=== Try it ===
For the records that follow, please set down exactly the lines between the one holding "F.C. Barcelona Info, Imágenes" and the one holding "Marks & Spencer Light Grey Shirt", inclusive, and only those.

=== Excerpted data ===
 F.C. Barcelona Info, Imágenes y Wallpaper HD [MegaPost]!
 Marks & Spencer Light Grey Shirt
* * *
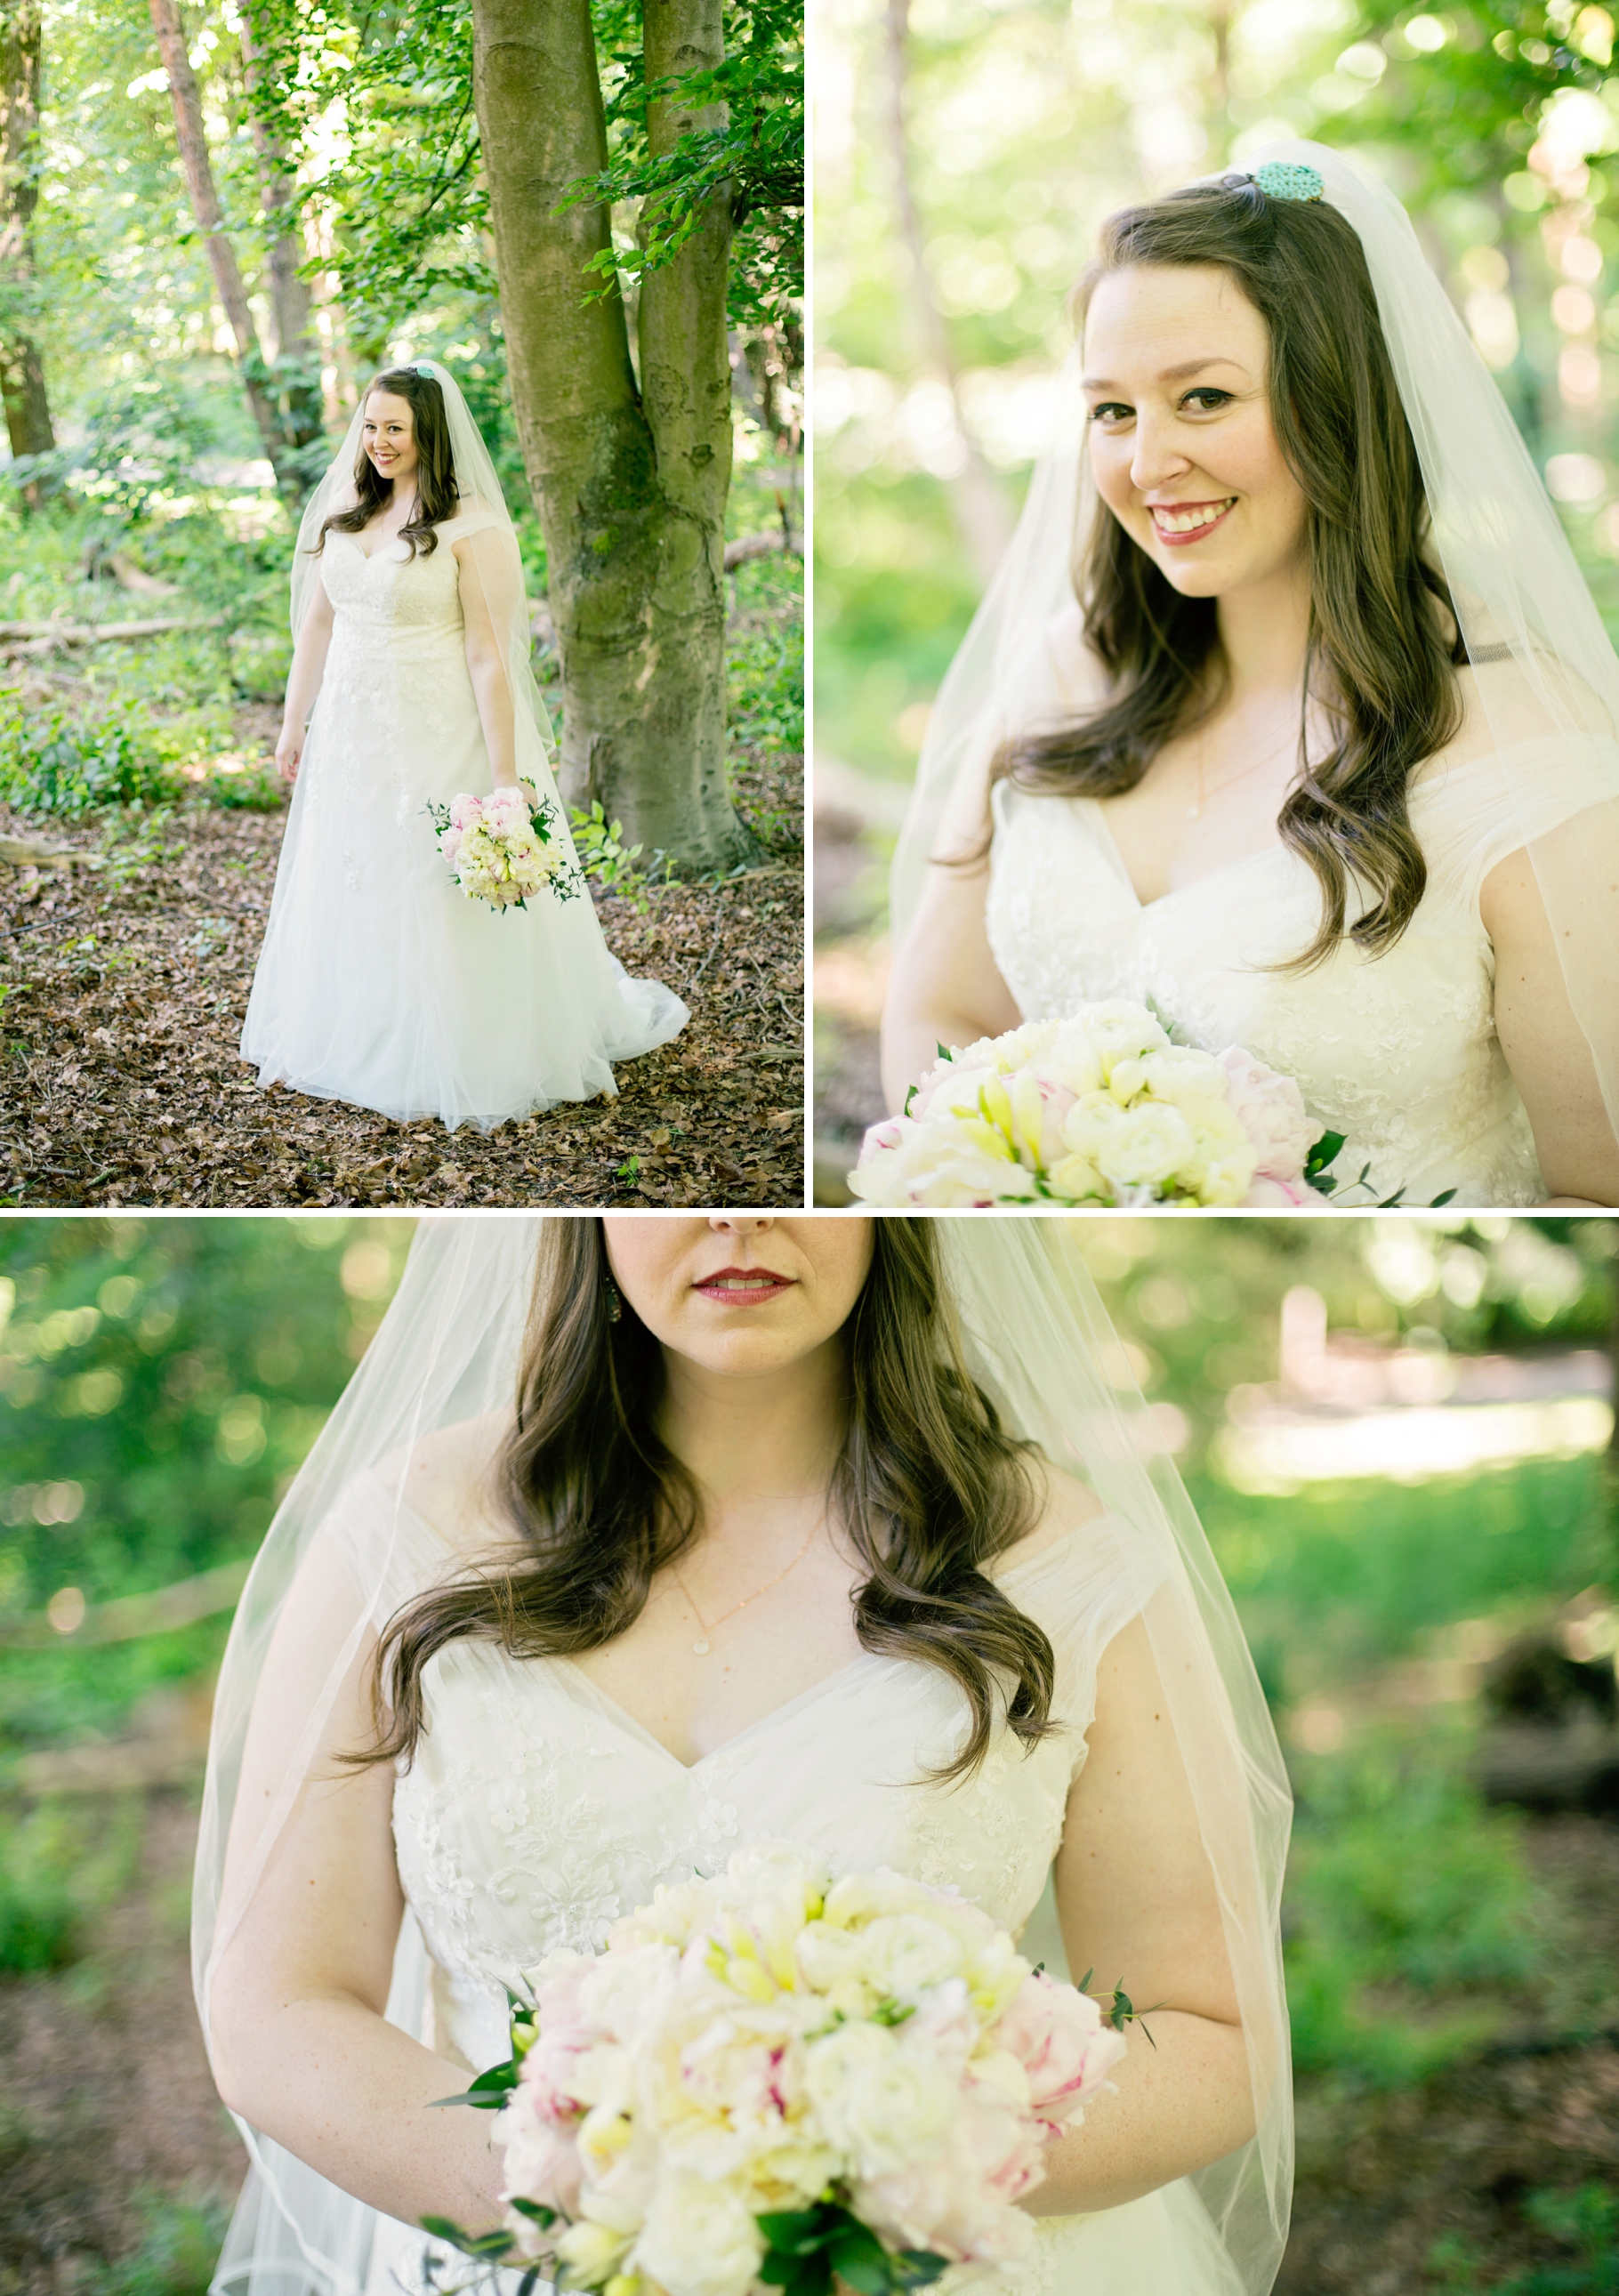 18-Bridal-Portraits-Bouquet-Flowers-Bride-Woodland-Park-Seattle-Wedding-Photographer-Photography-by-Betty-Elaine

=== Expected answer ===
 F.C. Barcelona Info, Imágenes y Wallpaper HD [MegaPost]!
 Marks & Spencer Light Grey Shirt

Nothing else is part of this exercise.